Friday, May 22, 2015

ISIS redux

Here’s some speculation.John Boehner observed, I think rightly that President Obama's strategy of air strikes, relying on rebel groups and the Iraqi army to fight the ground war, isn't working; the question however is: what are we trying to achieve and why? If the goal is to contain or eliminate ISIS, we are receding. So while he’s right, I wonder what John Boehner’s alternative might be (calling on the President to get a new strategy may be good political strategy, but doesn’t really help much with the ISIS problem).

One of the central elements of our current strategy is being seen clearly to be in the back seat, helping local actors in their efforts (and at their request) to battle ISIS, rather than in the driving seat. That was not helped by the recent Special Forces operation in Syria that killed ISIS’s ‘money man’, Abu Sayyaf. This was not only inconsistent with the rhetoric of “no boots on the ground”, it also put the US squarely back in the sights as a primary combatant in the eyes of all Sunis, ISIS included.

One option is to move further down this path – to intervene more robustly with a few more boots on the ground. Two questions arise; first will it work and second will it escalate? For an answer to the second, Viet Nam may be a guide. A few military advisers became over half a million military personal, 80,000 of whom were in a combat role. To answer the first, that looks very like a road we’ve already been down in Iraq; one that didn’t work out too well. Fighting a fanatically motivated, volunteer force that frequently uses terror and guerilla tactics is ultimately an winnable battle for the US, but one that makes us a target both there and here. So if more force isn’t the answer what is?

Perhaps it’s re-framing the question. If our aim is not to defeat ISIS but to reduce the likelihood of America and Americans being attacked by ISIS (and other similar religious extremists) then stepping away may be a better answer. True, ISIS will probably continue to commit atrocities (but Boko Haram is doing that in Nigeria and we’re not talking about getting into that mess).
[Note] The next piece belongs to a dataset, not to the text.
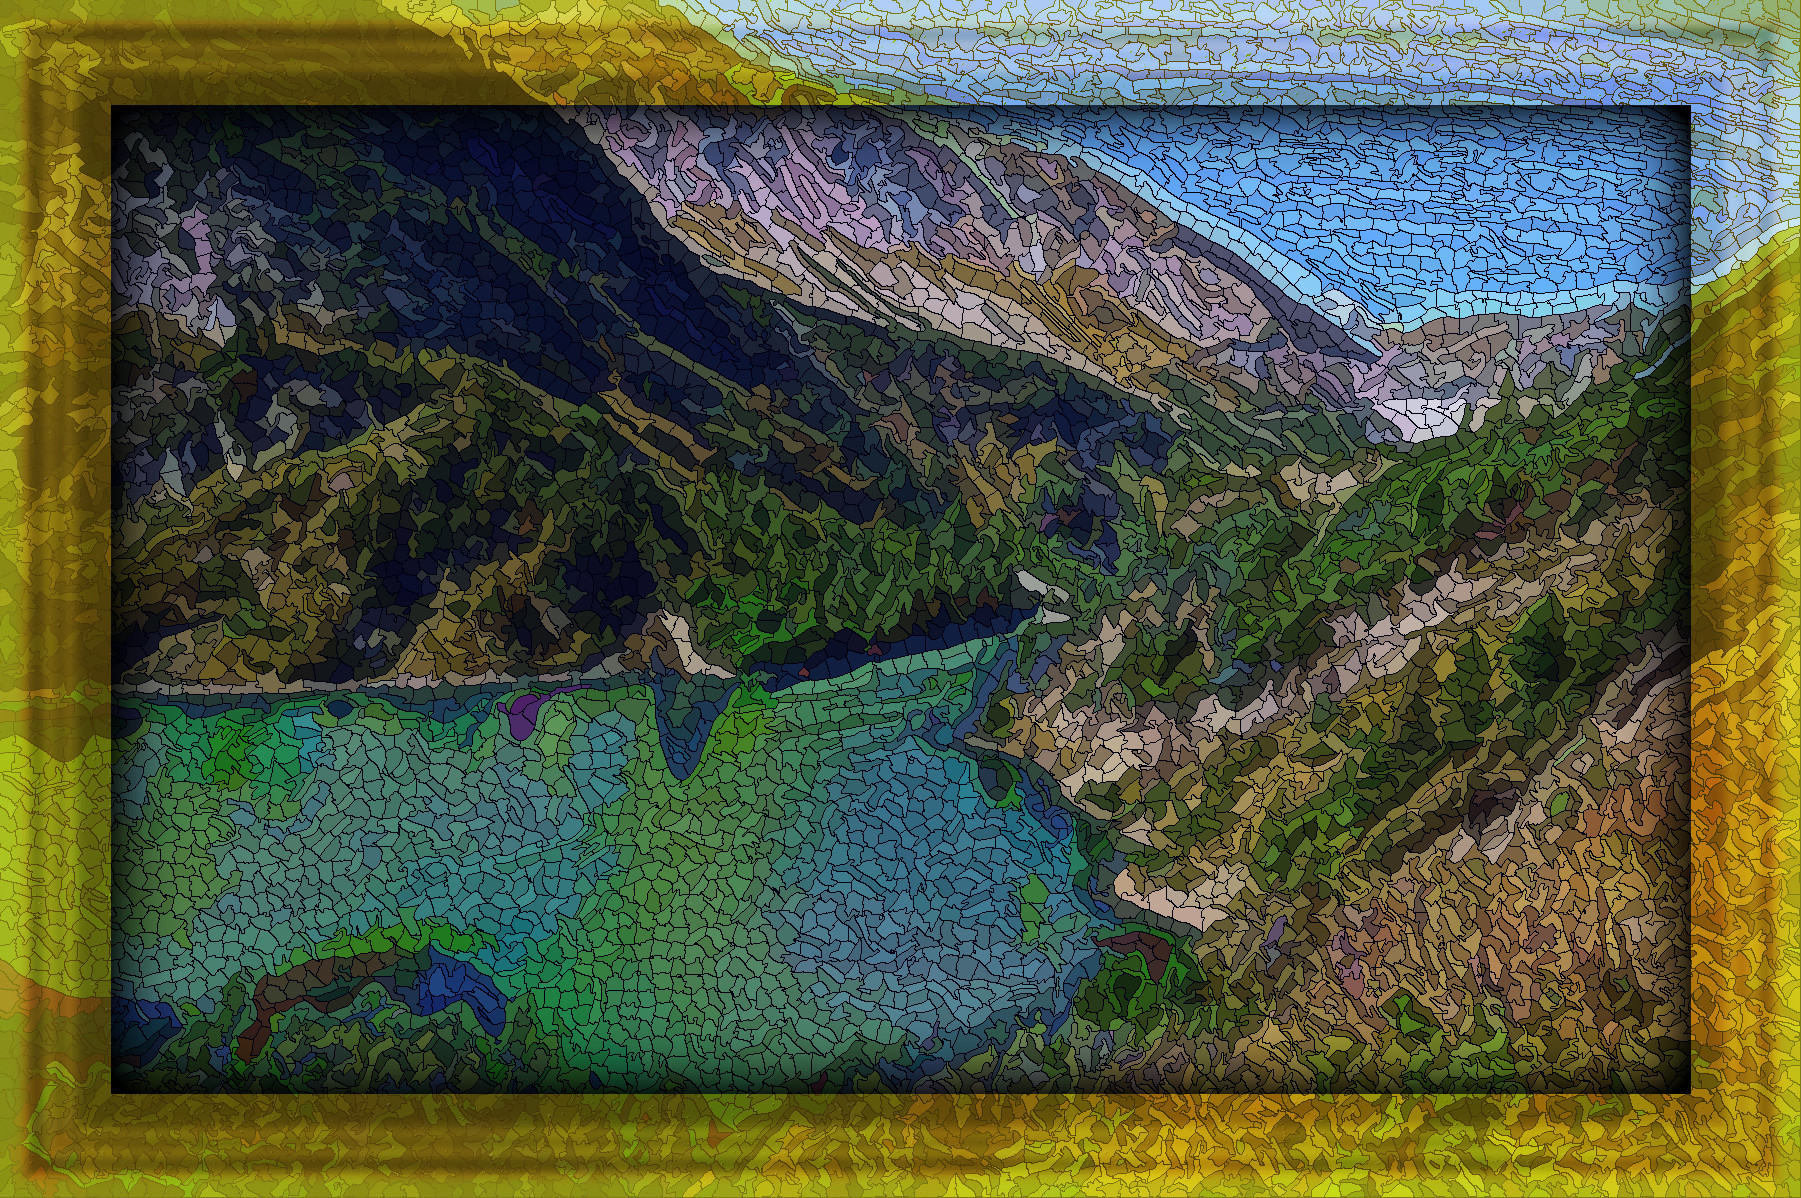 2021-08-01 10-19-38 mountain_002 with JVID effect J (SuperPixel Graphic).jpg

But the question should be not whether ISIS will continue to brutalize ‘non-believers’, but whether they there would be less of this were the US to intervene more aggressively?
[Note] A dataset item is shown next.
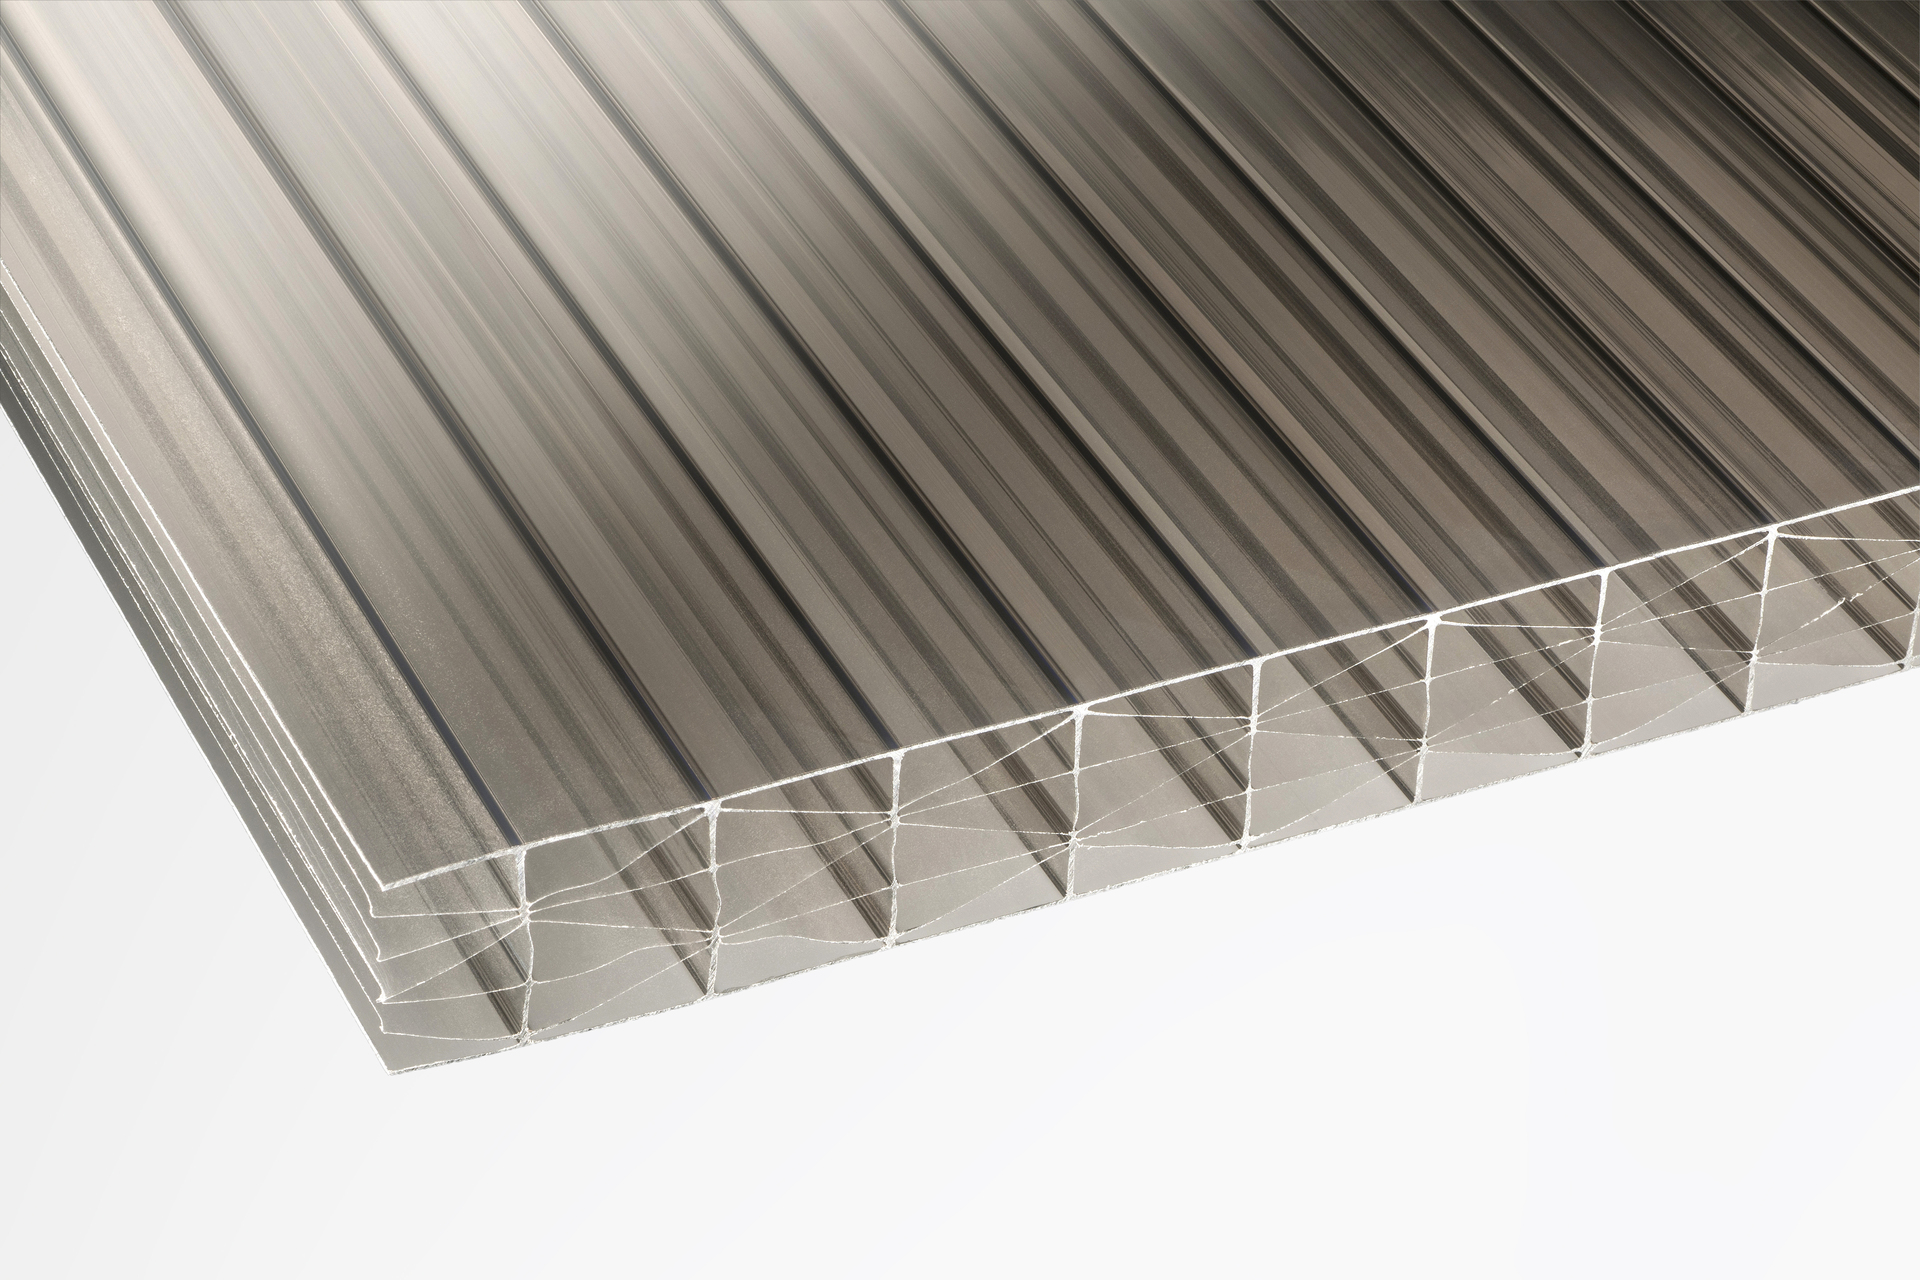 Image of 25mm Bronze Multiwall Polycarbonate Sheet - 3000 x 2100mm

Suppose ISIS isn’t stopped and incorporates most if not all of Iraq and Syria into the Califate? Is America safer with Abu Bakr al-Baghdadi controlling (or trying to control) swathes of the Middle East? One argument is that trying to crush ISIS is a fool’s errand and that more fighters will appear to replace those killed in the struggle. On the other hand, letting ISIS try to manager and control the territory it has taken may prove sufficiently challenging that is has little capacity left for foreign adventures. Added to that, its focus will be far less on what is now sees as its Evil Empire, and more on the enemy within (the Shiites) or nearby (Iran). So perhaps if the goal is not to obliterate ISIS, bur to reduce the likelihood of Americans and America being attached perhaps less is more?